Information given
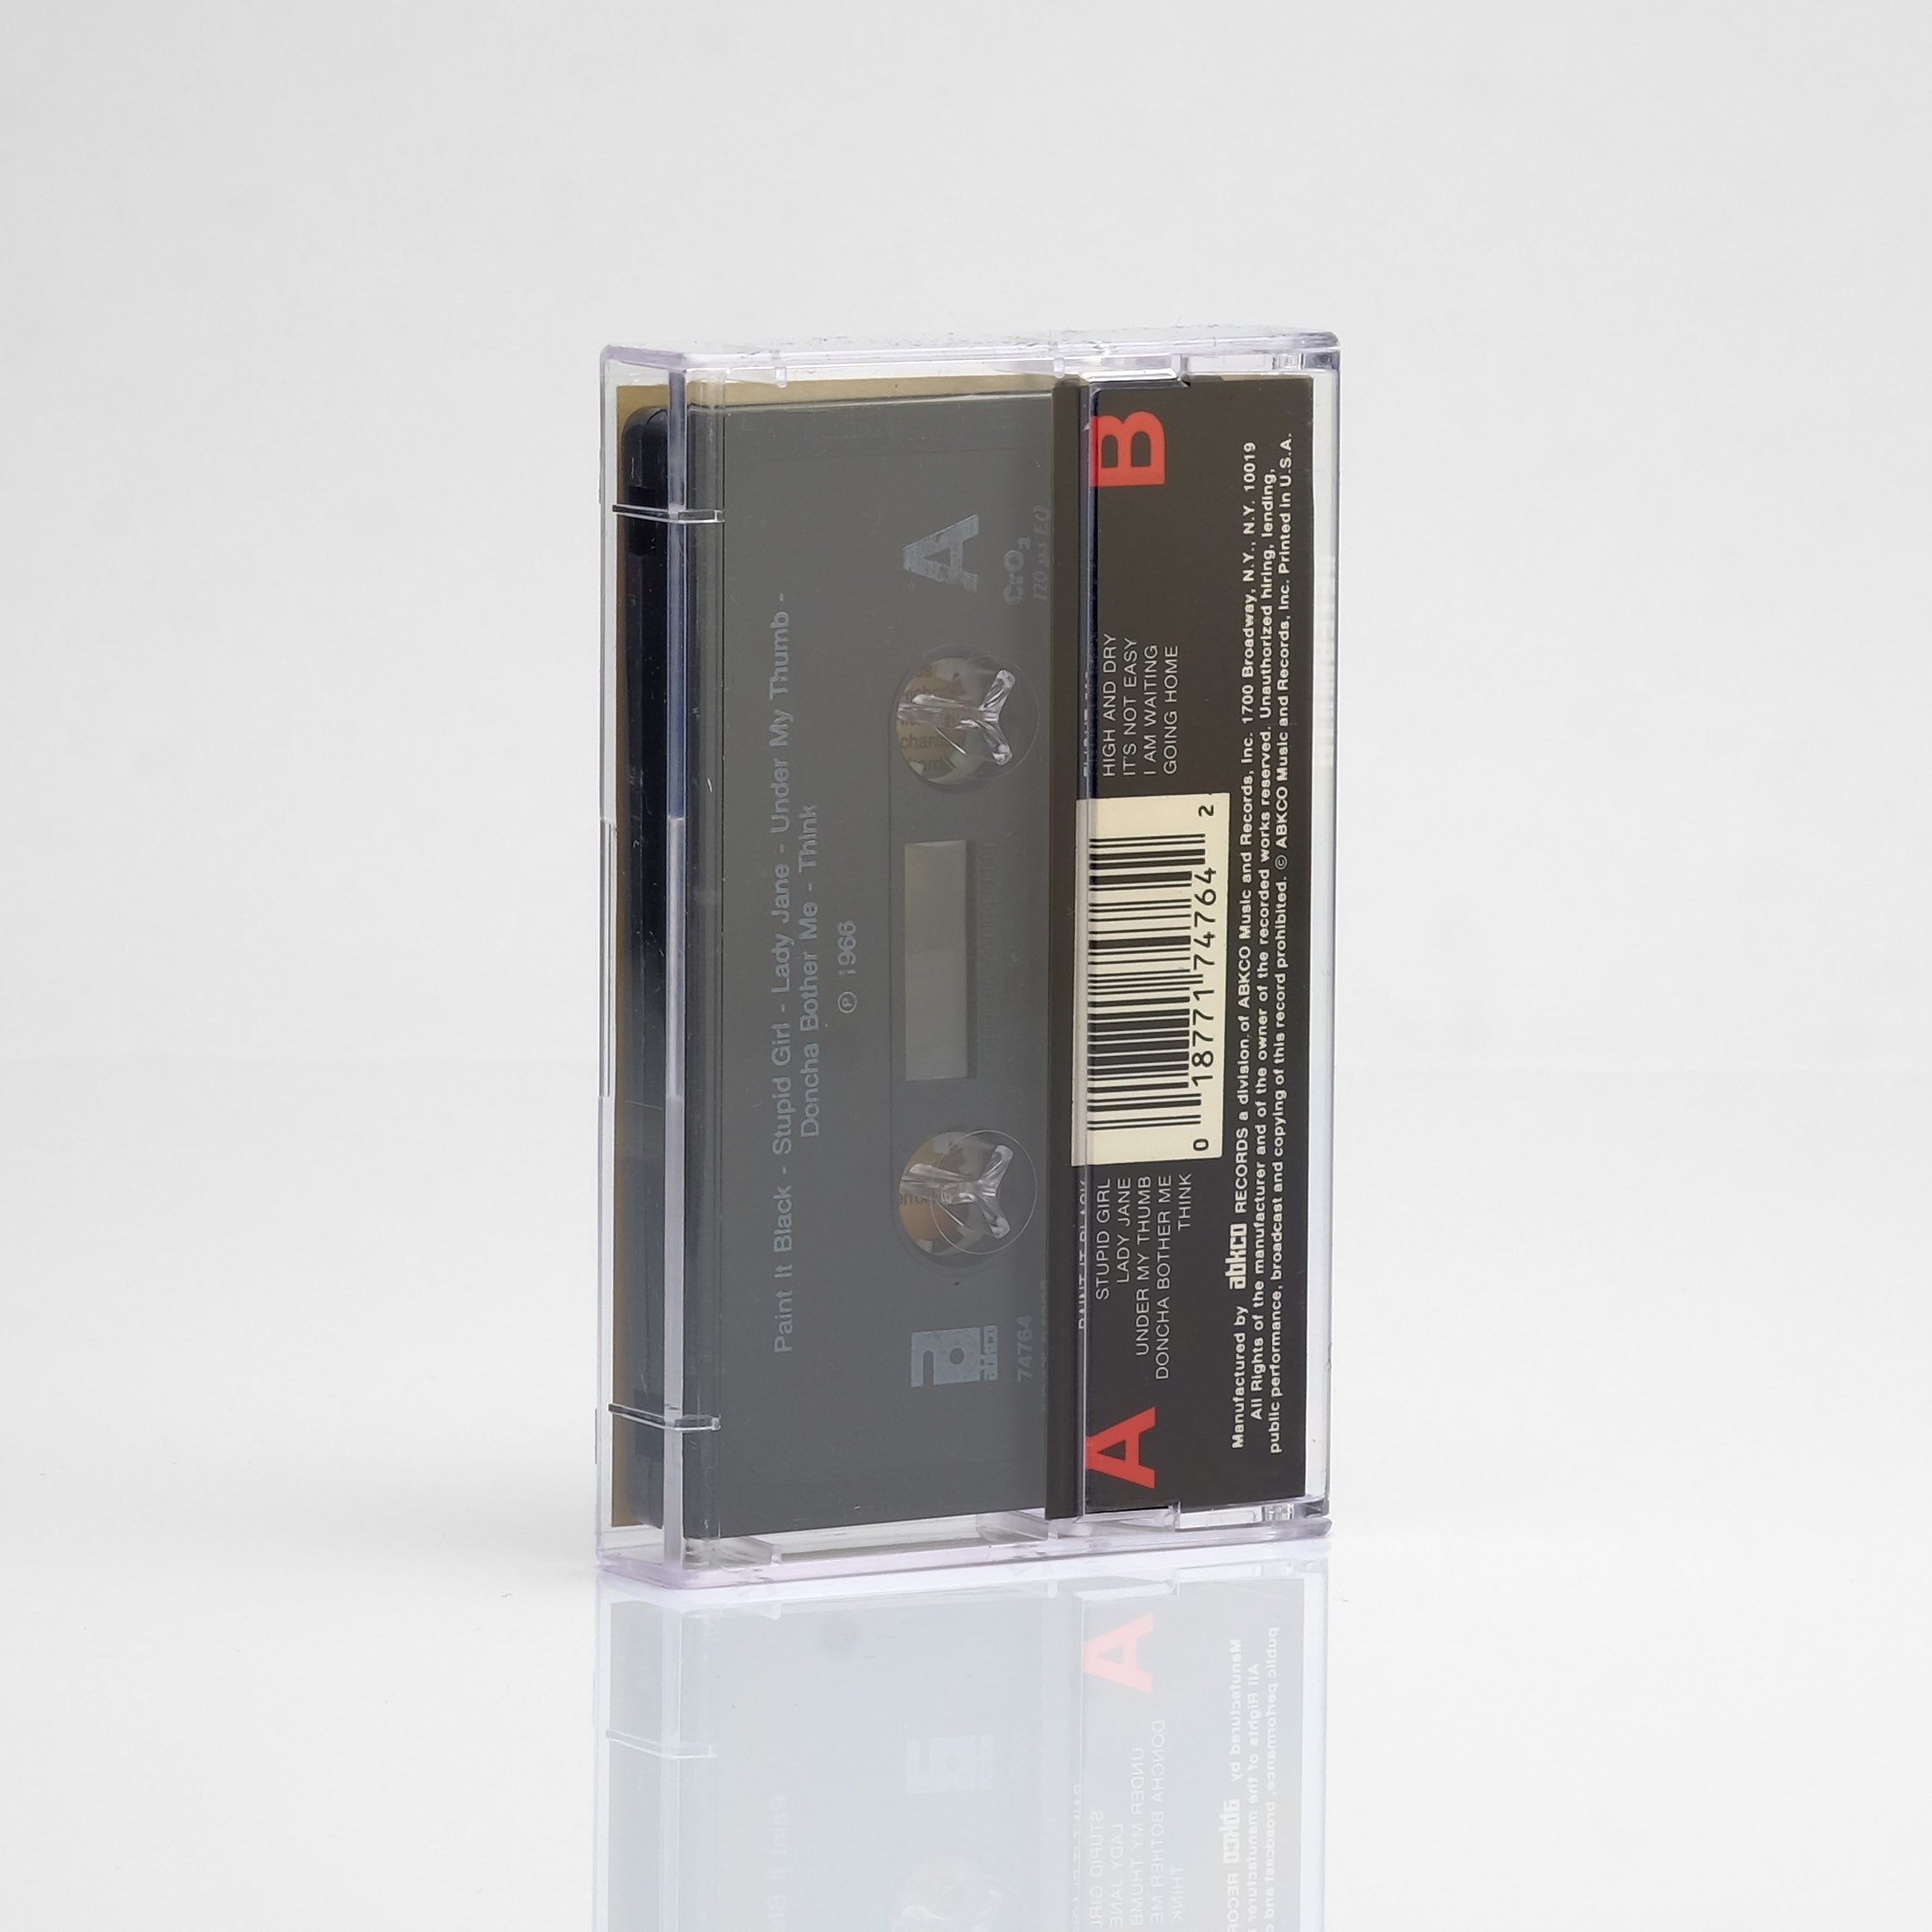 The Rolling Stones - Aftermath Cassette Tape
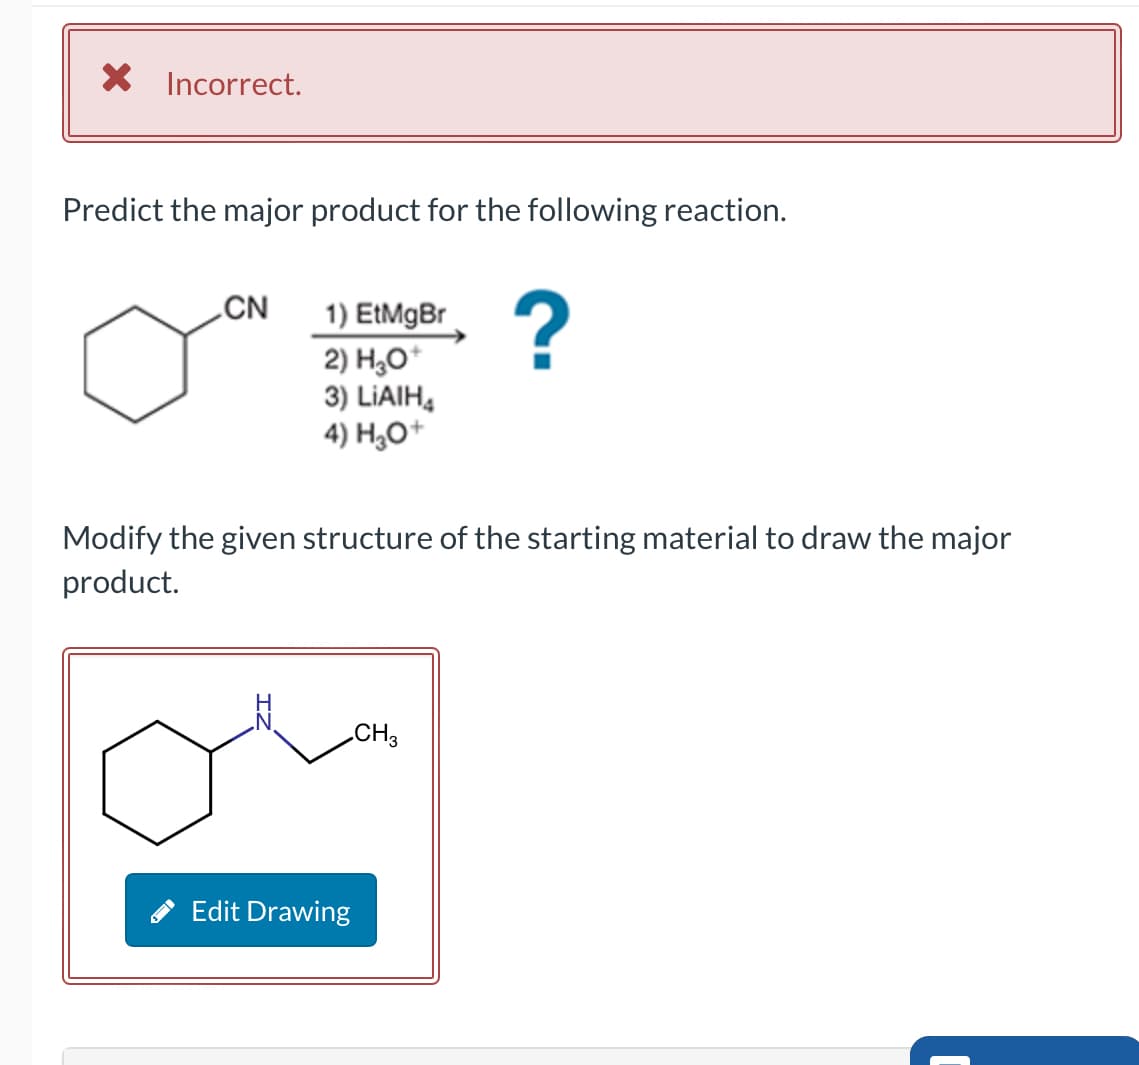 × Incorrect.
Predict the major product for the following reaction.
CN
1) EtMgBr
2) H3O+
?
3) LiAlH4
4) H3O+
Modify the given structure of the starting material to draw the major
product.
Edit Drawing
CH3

Problem to work on
The required output is every line above that contains the string "product".

Solution for this exercise
Predict the major product for the following reaction.
product.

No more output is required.